Harriet obeyed, slowly, looking at him sidewise all the while.
“Bring on,” said Sherbourne, “and lock.” He moved behind her, without touching her or lending advice.
“Waste of a ball,” Harriet muttered. “This distance. You wish to be proven right, you wish I might look a fool—”
He laid his hand between her shoulder blades, then, and spoke low by her ear. “I don’t doubt you.”
“I have not seen the captain, Cousin. Do you suppose he means to appear?”
“He is an officer; he will be in time.” Harriet plucked at her sash, though it could not lie more smoothly, and dampened her fingers in a vase of gaudy nerines, to school her curls.
“And do you suppose he owns dancing shoes, Harriet dear? They are rather costly. But our Sherry vouches for him as an excellent dancer. Smelling of horse!”
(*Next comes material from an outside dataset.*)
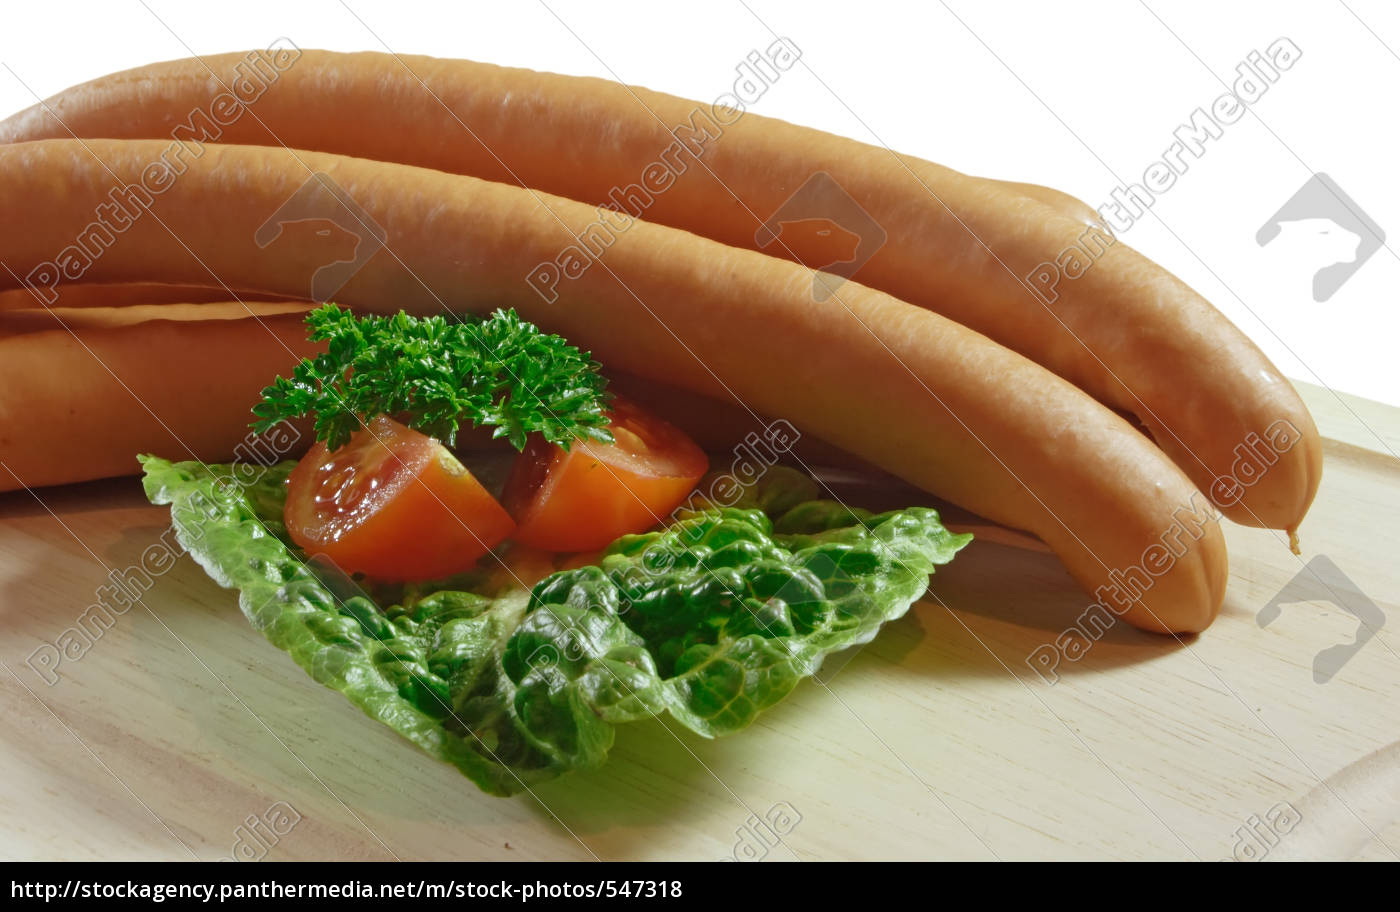 sausage - 547318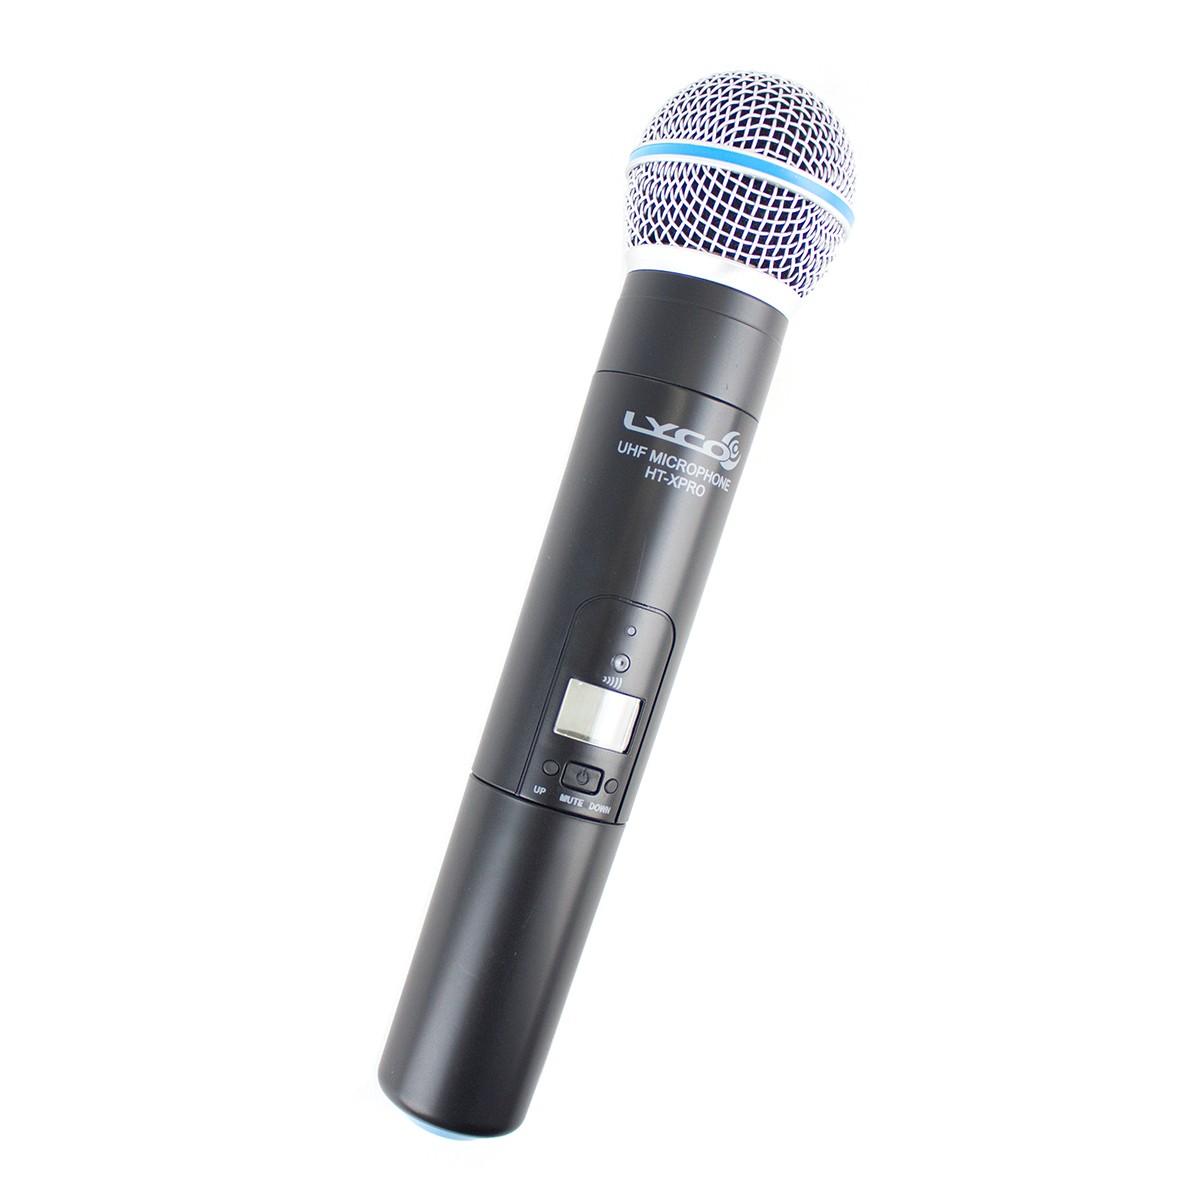 Microfone s/ Fio de Mão UHF UHX PRO 01 M - Lyco

She was in too good humor to rise to it. She went on, half dreamily, without a thought for her cousin‘s ears. “Ambergris, rather, and...himself.”
Dorcas snorted. “How you should know that, I have no wish to calculate. Dear Aunt Caro—”
“Is not here.” Not even thoughts of the dowager countess Sherbourne could make her flinch. “And what does she care for me? She has not forgiven any of us the loss of her figure. I much doubt she would notice if Captain Fleming danced, or licked Sherry‘s ear, or fell into the punch.”
“Harriet Georgiana, you are carrying on with this man to vex me!”
“Why, Dorcas! Did you want him?”
If Harriet had been a hand‘s breadth closer, her cousin might have slapped her on the cheek. “Have you utterly forgotten who you are?”
“Indeed, that is one of the nicest things about him, that for a moment I might breathe and be myself.” Harriet gave a full, sweet smile. “Is it not just so with you and Beauchamp?”
Dorcas looked as if hot ash filled her shoes. In her silence, Harriet stole away into the garden; she would pay for it later, in gossip spread or trinkets ruined, but for now she cared only for getting clean away. It was a warm night and clear, just passing eight o‘clock; in Bournesea village the linkmen were beginning to light the lamps. There was candle-gleam at Sherbourne‘s window, where to the last minute he would change one cravat-knot for another, spill scent bottles, dismiss footmen—any thing to avoid stepping foot in the landau; Captain Fleming‘s room lay dark.